Natasha stared at me, her intense gaze making me feel even worse. I thought she was about to scold me for being so scared, such a coward, so weak even though I knew finding her lost daughter was the right thing, but instead she said quietly in Russian, "we won't judge you on the person you once were, Kira. We look at you, right now, and know that you're a kind, smart and funny kid who annoys the crap out of us, and that's what you'll always be." She smiled a little. "You're our kid, Kira. Our little Avenger."

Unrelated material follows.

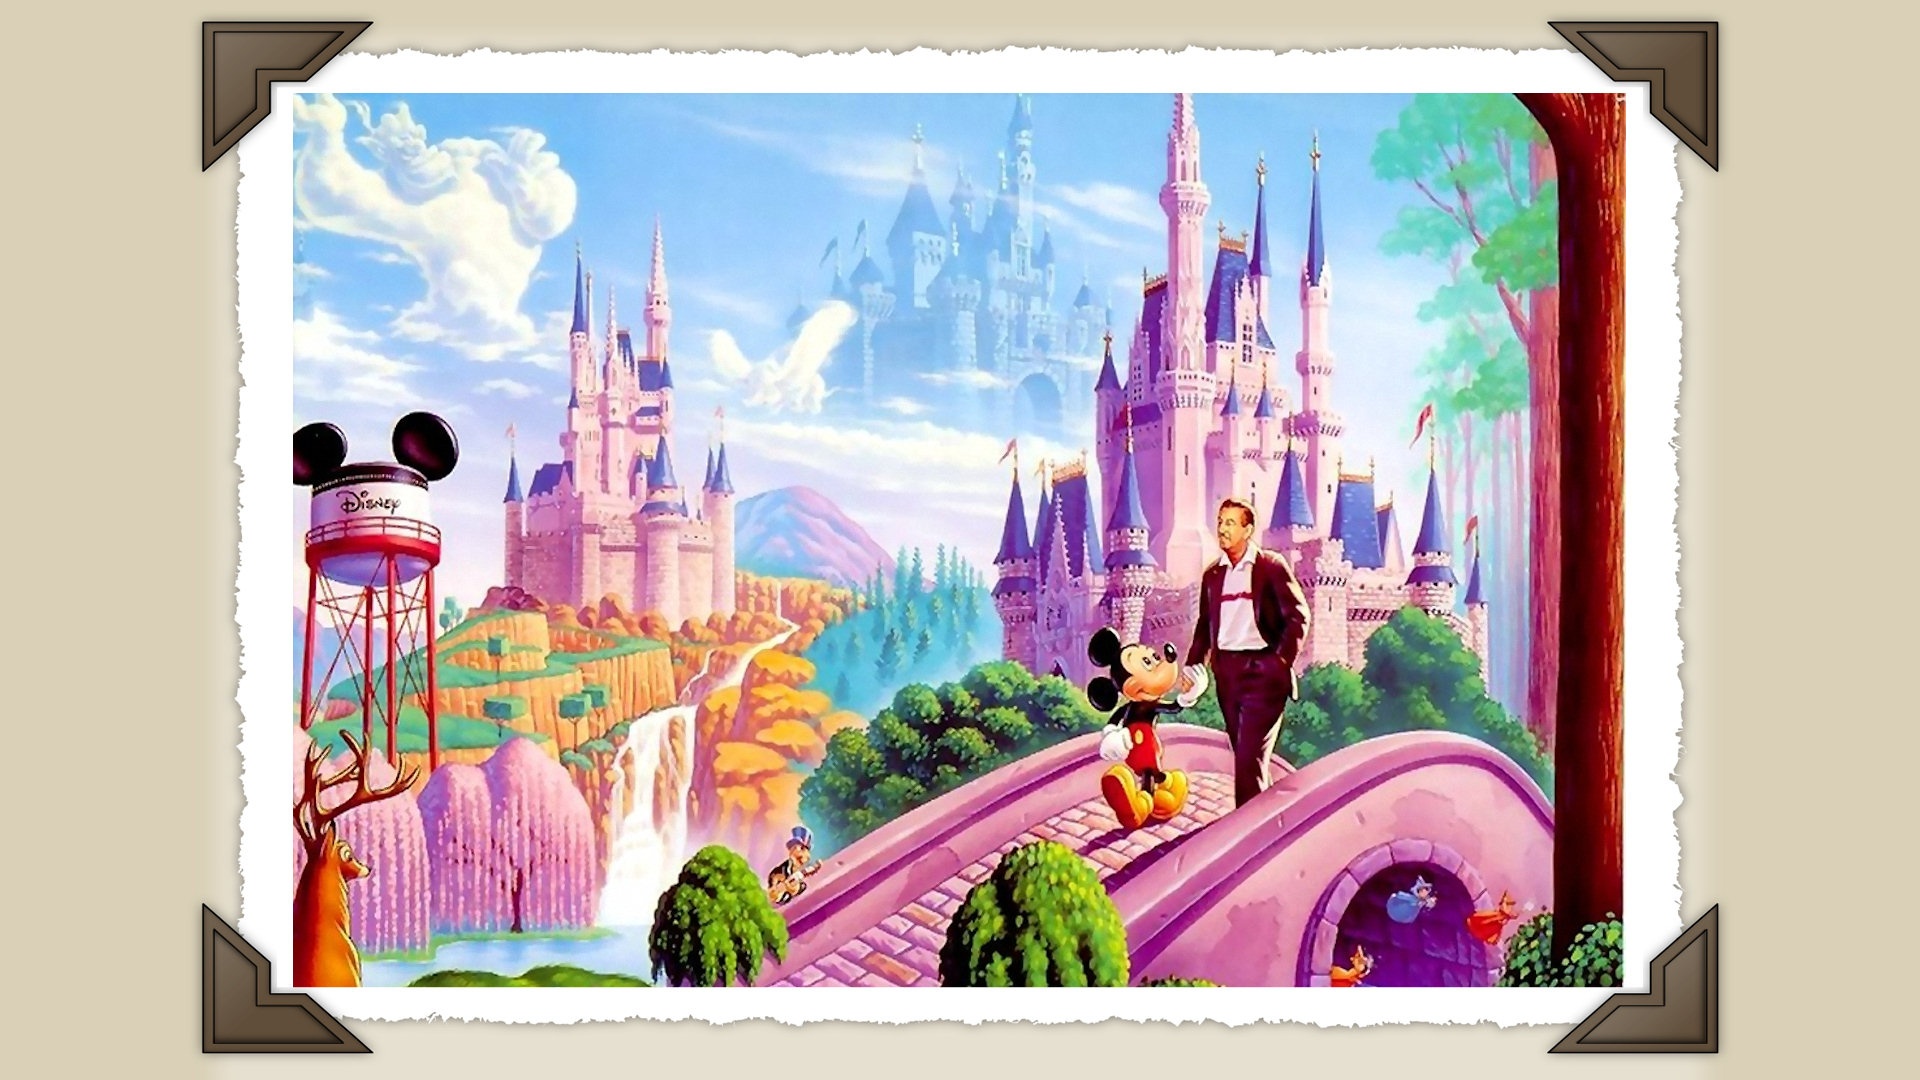 Walt Disney Backgrounds wallpapers HD   356783 1920x1080

I let out a breath I hadn't realised I'd been holding. I thought about Tori, just the image of her making me feel infinitely stronger. I fingered the locket that rested under my hospital gown, the red stone glittering in the white lab lights. "I'll do it," I said with ferocity. I looked at all of the Avengers, my gaze lingering especially on Natasha, and I knew that she was right: I was theirs. Their little Avenger. "I'll do it for Tori," I finished.


They watched my memories in silence, and I tried not to cry every time they winced. When they'd finished, I heard them all let out a whoosh of breath as they turned to face me. Every single one of them was pale, their eyes stricken as if torn between choosing to let loose tears, anger, or love.

I hoped the latter.

"You dyed your hair?" asked Wanda.

I gave her a weird look. "After everything you've just seen, that's the question you ask first?"

"I preferred it red," said Thor, the usual boom gone from his voice. "It made you look older."

"Well, thanks," I muttered sarcastically, tugging on a strand of my dark hair, suddenly self-conscious.